When we want to experience nonvirtual reality, the nanobots will just stay still (in the capillaries) and do nothing. If we want to enter virtual reality, they will suppress all input coming from the real senses, and replace them with the signals that would be appropriate for the virtual environment. You (i.e., your brain) could decide to cause your muscles and limbs to move as you normally would, but the nanobots again intercept these interneuronal signals, suppress your real limbs from moving, and instead cause your virtual limbs to move and provide the appropriate movement and reorientation in the virtual environment. Of course, your virtual body will not need to have the same appearance and other characteristics that it has in real reality–we could have different bodies for different partners and situations.

The web will provide a panoply of virtual environments to explore. Some will be recreations of real places, others will be fanciful environments that have no “real” counterpart. Some would be impossible in the physical world (perhaps, because they violate the laws of physics). We will be able to “go” to these virtual environments by ourselves or we will meet others there, both real people and simulations. Of course, ultimately, there won’t be a clear distinction between the two.

Just as web-cams showing people’s intimate lives are popular today, during the fourth decade of this century, people will “web-beam” their lives, and you will be able to share the full sensory experience and even emotional response of others through the Web, similar to the plot concept of the movie Being John Malkovich, except that these experiences can include emotional levels beyond just the five senses.
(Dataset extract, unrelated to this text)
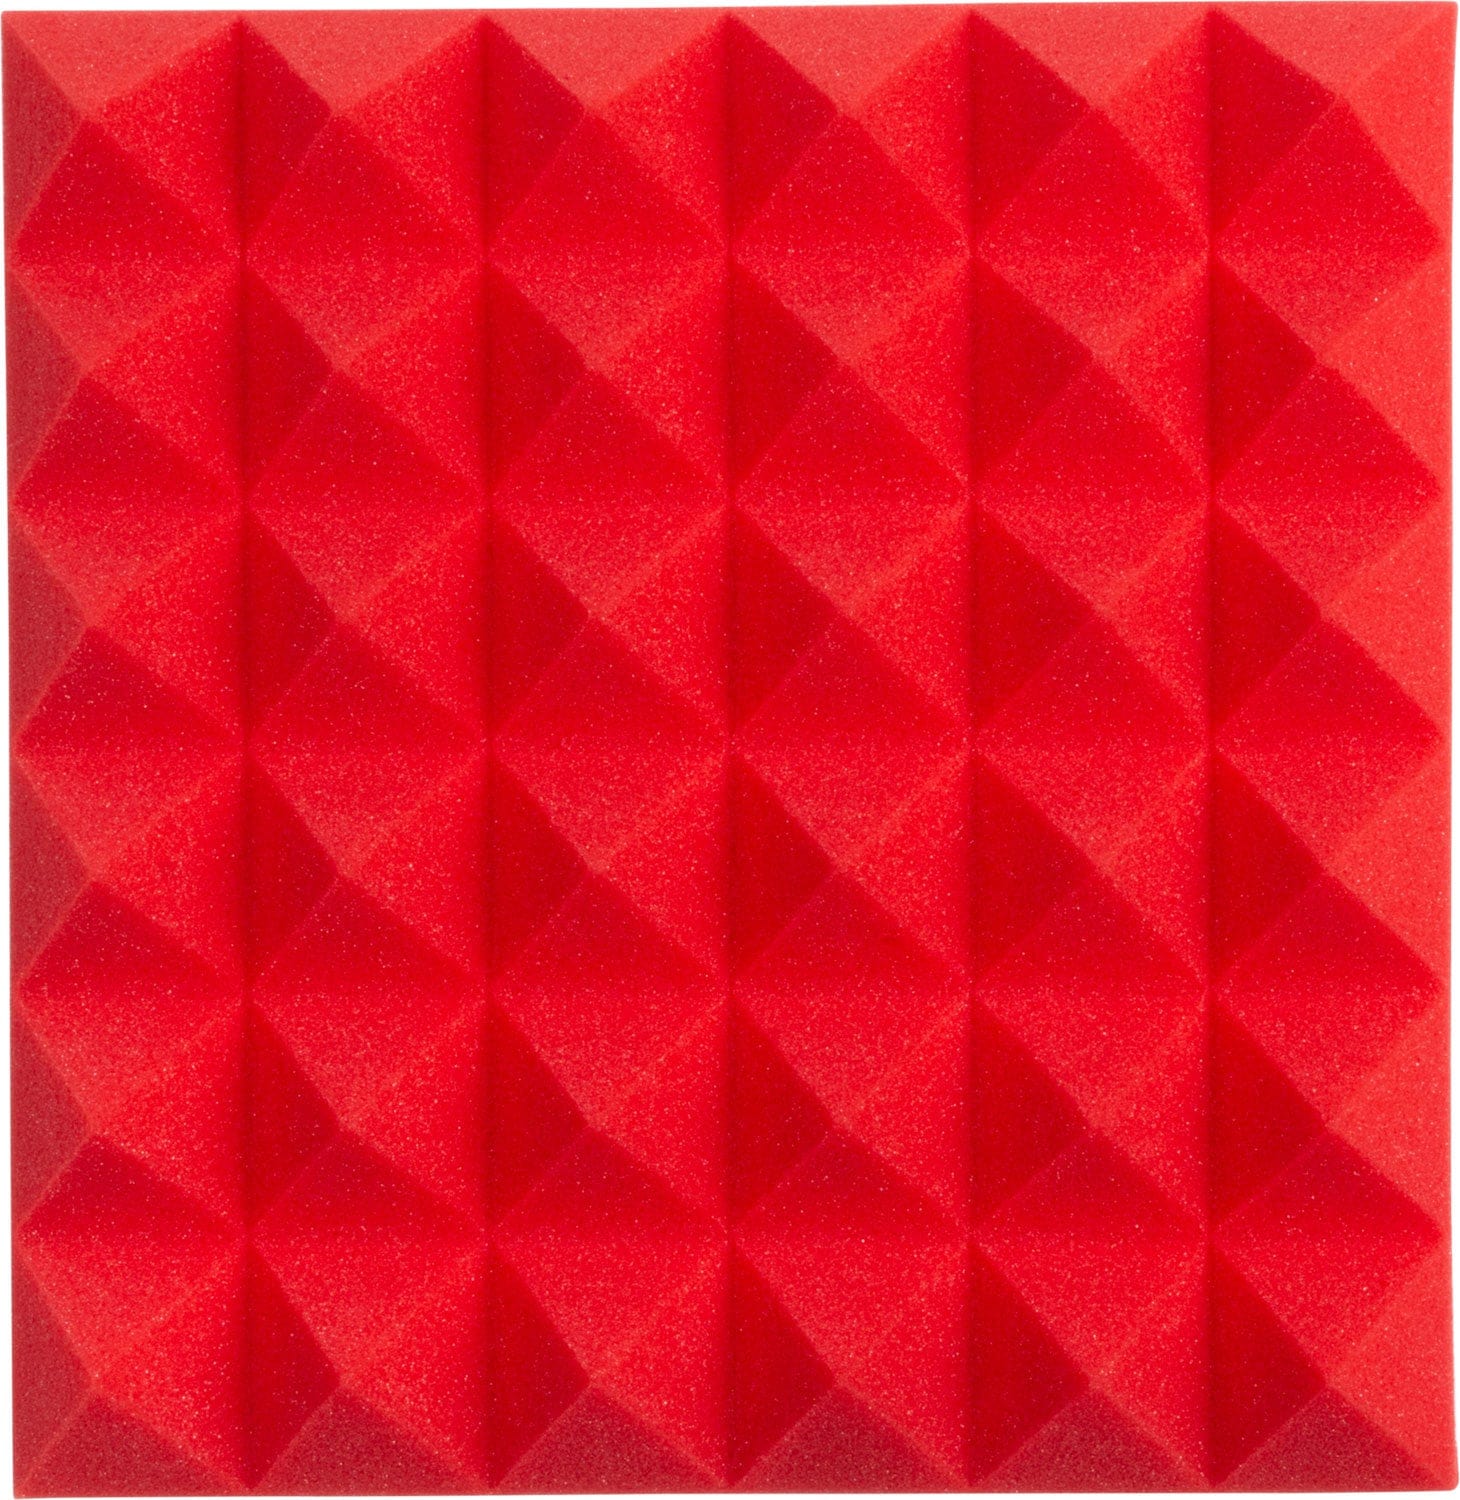 Gator GFW-ACPNL1212PRED-8PK 8-Pack of 12x12x2-inch Pyramid Foam Red - PSSL ProSound and Stage Lighting

Particularly interesting experiences will be archived and can be relived at any time.

Nanobot tech will be able to expand our minds in almost any imaginable way. Our brains today are relatively fixed in design. Although we do add patterns of inter-neuronal connections and neurotransmitter concentrations as a normal part of the learning process, the current overall capacity of the human brain is highly constrained, restricted to a mere 100 trillion connections. Brain implants based on massively distributed intelligent nanobots will vastly expand our memories and otherwise improve all of our sensory, pattern recognition, and cognitive abilities. Since the nanobots are communicating with one another over a wireless local area network, they can create any set of new neural connections, can break existing connections (by suppressing neural firing), and can create new hybrid biological-nonbiological networks, as well as adding vast new non-biological networks.

Using nanobots as brain extenders is a significant improvement over the idea of surgically installed neural implants, which are beginning to be used today (for people with disabilities and medical conditions such as deafness and Parkinson’s disease). Nanobots will be introduced without surgery; they will be injected or swallowed. People will have the power to direct them to leave, so the process will be easily reversible. The bots would be programmable, in that they could provide virtual reality one minute, and a variety of brain extensions the next. They could change their configuration, and alter their software. Perhaps most importantly, unlike surgically introduced neural implants that can only be placed in one or at most a few locations, these nanobot-based implants will be massively distributed and therefore can take up billions or trillions of positions throughout the body.

Oh, and one more thing: We’ll live a long time. The expanding human life span is another one of those exponential trends. In the 18th century, we added a few days every year to human longevity; in the 19th we added a couple of weeks each year; and now we’re adding almost a half a year every year. With the revolutions in rational drug design, genomics, therapeutic cloning of our own organs and tissues, and related developments in bio-information sciences, we will add more than a year every year within 10 years. So take care of yourself the old-fashioned way for just a little while longer, and you may actually get to experience the remarkable century ahead.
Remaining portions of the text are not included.